‘Washington’ fried chicken just doesn’t sound as good

By John Owen | Dec 01, 2011

 Longtime residents of Edmonds and environs will recall that when they drove to Seattle in the pre-freeway era, they almost always passed a landmark that evoked an exclamation from everybody in the car.

"Hey, there are the Twin Tepees."

Maybe you stopped for a sandwich and a shake or some breakfast pancakes.  The aptly named eatery did a big business at the location across from Green Lake.

It was a part of the Walter Clark restaurant empire in Seattle. At one time Clark was president of the National Restaurant Association and had a lot of friends in the industry.

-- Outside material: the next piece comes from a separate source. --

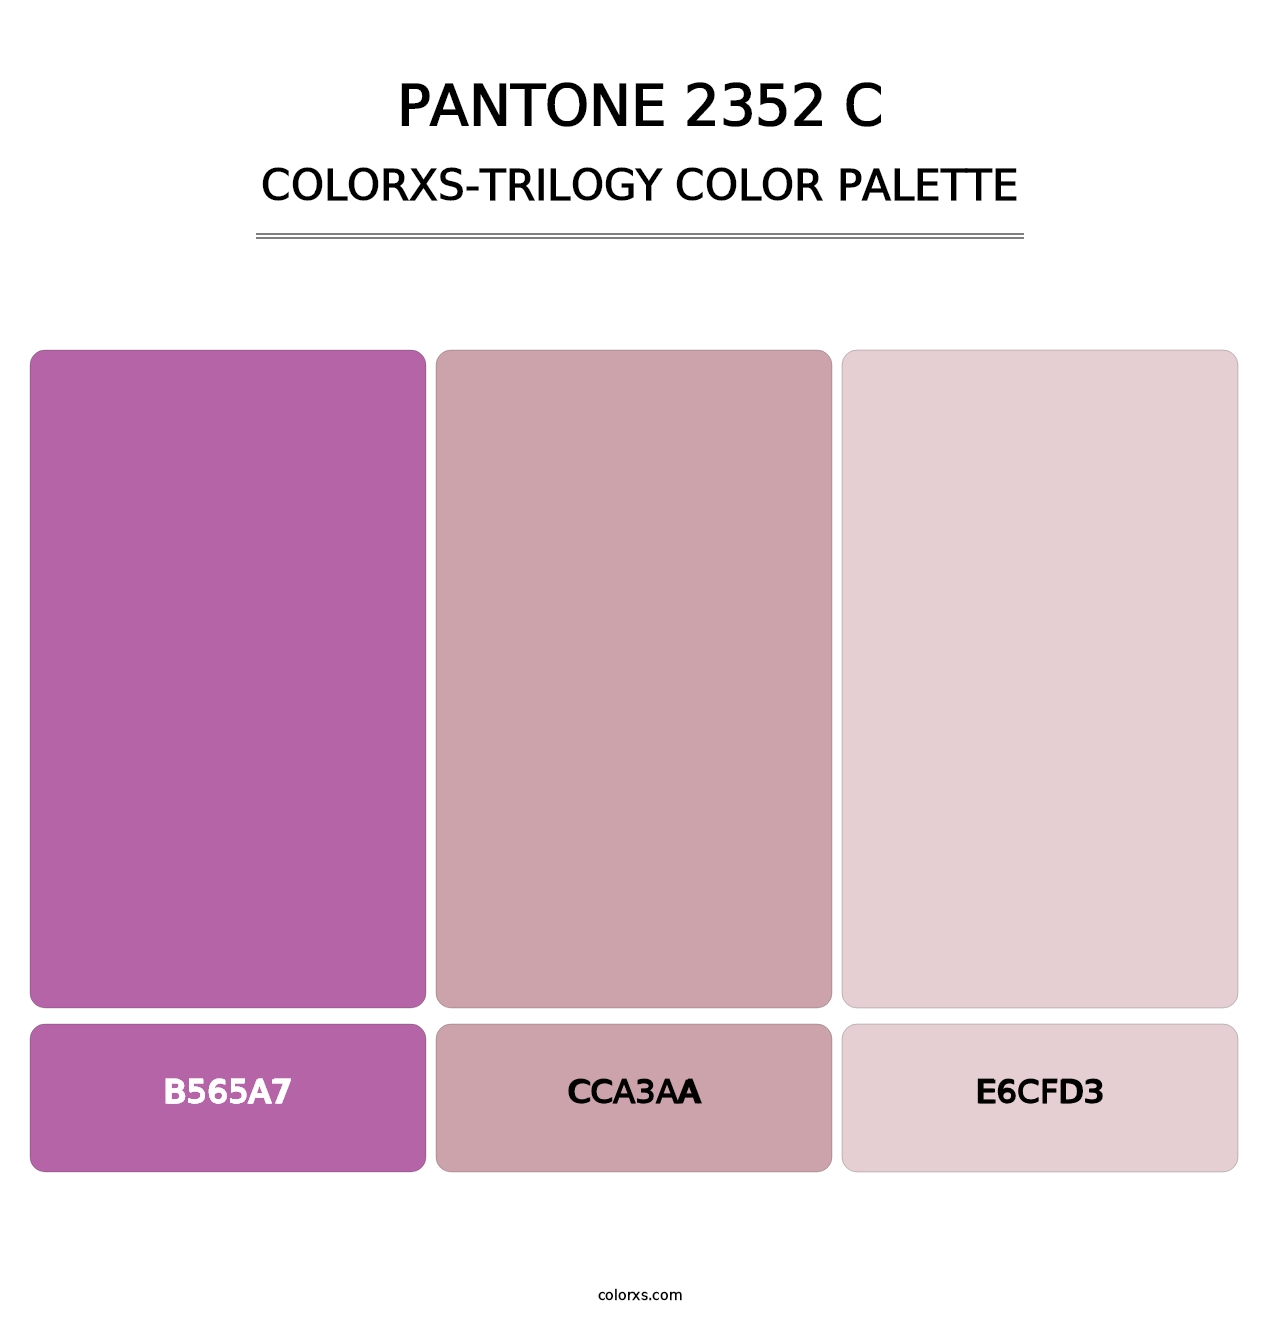 PANTONE 2352 C - Colorxs Trilogy Palette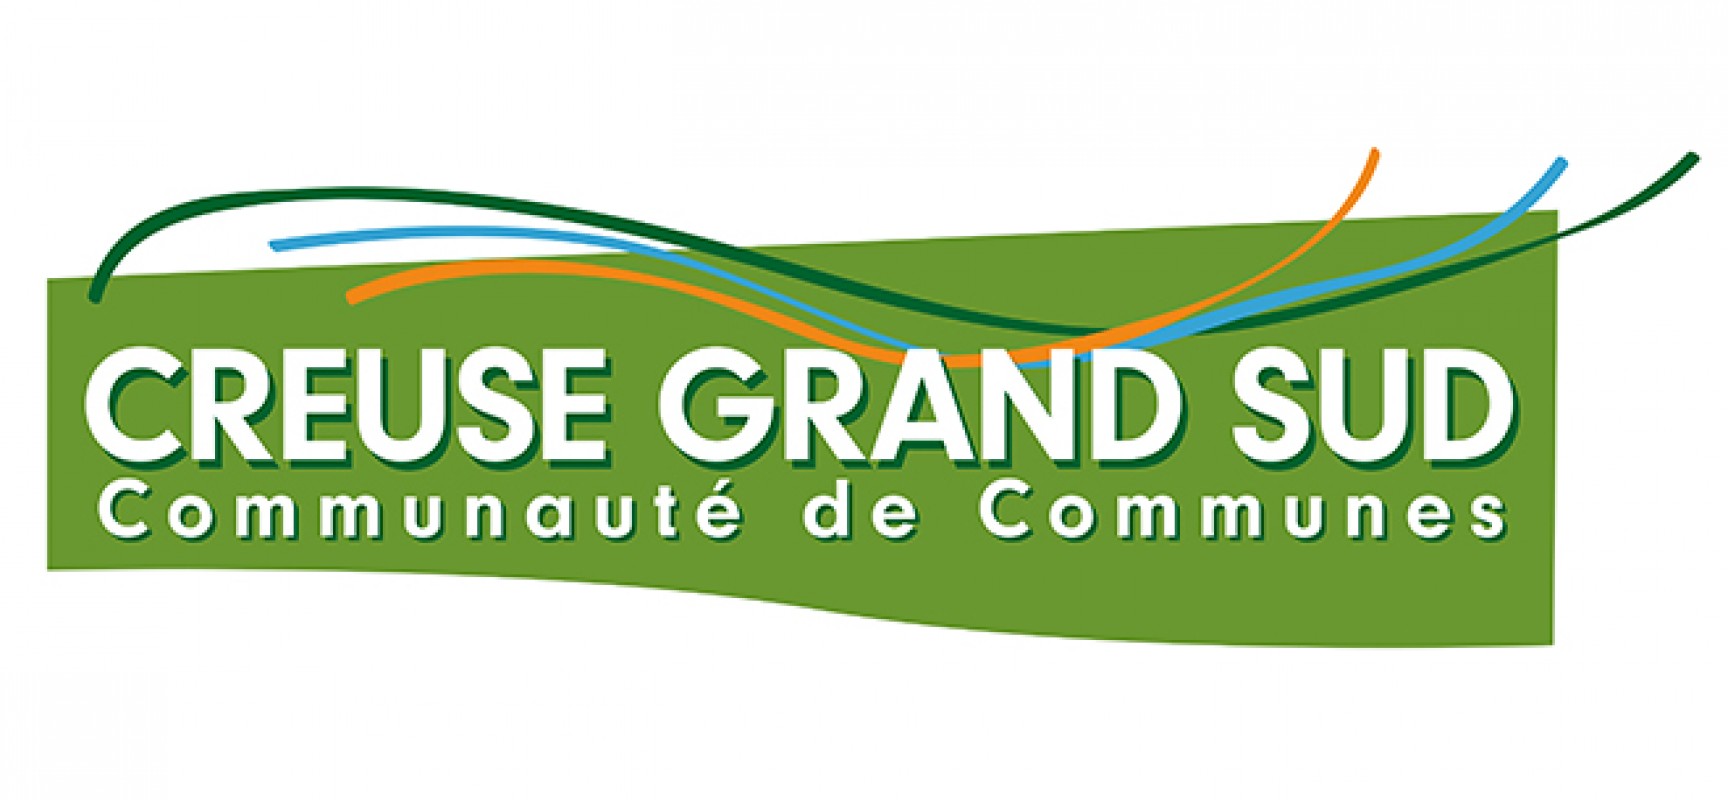 [Covid19-TerritoireEngagé] Plan de reprise d’activité au sein de la Communauté de communes Creuse Grand Sud – mai 2020

He noted at one convention that a long-time  associate had been forced to close his restaurant in a southern community because of a highway relocation.

Clark offered him a job up in Seattle and before long the gentleman was installed in the back kitchen at the Twin Tepees.

After a couple of months Clark visited the site and asked the manager how  the new guy was working out.

The manager shook his head and said he was forced to admit that the new hire  just wasn't worth the wampum. 

"When we're at our busiest, preparing for the dinner rush, this guy is usually off somewhere in a back kitchen messing around with bottles and shakers of salts and seasonings."  

So Walter had a chat with the cook in question, who admitted his heart really wasn't in his new job or new home.  

He said he thought he'd move back down south and try a different approach.

He did just that and named his first restaurant something like, "Colonel Saunders' Kentucky Fried Chicken."

That story was recalled in my mind recently when somebody down south discovered what was described as a treasure trove of original recipes jotted down by a chef named Harlan Saunders.  

According to the authors of the national newspaper accounts, the "find" was akin to the discovery of King Tut's Treasures.

The news accounts also pointed out that the original recipe for Colonel Saunders Kentucky Fried Chicken was locked away in a bank vault, like the Hope Diamond.

And of course that was the recipe created in the back kitchen of the Aurora Avenue eatery  in Seattle.

Now you know why the kids from Edmonds traveling by car to Seattle gave out a war whoop, whenever they passed the Twin Tepees.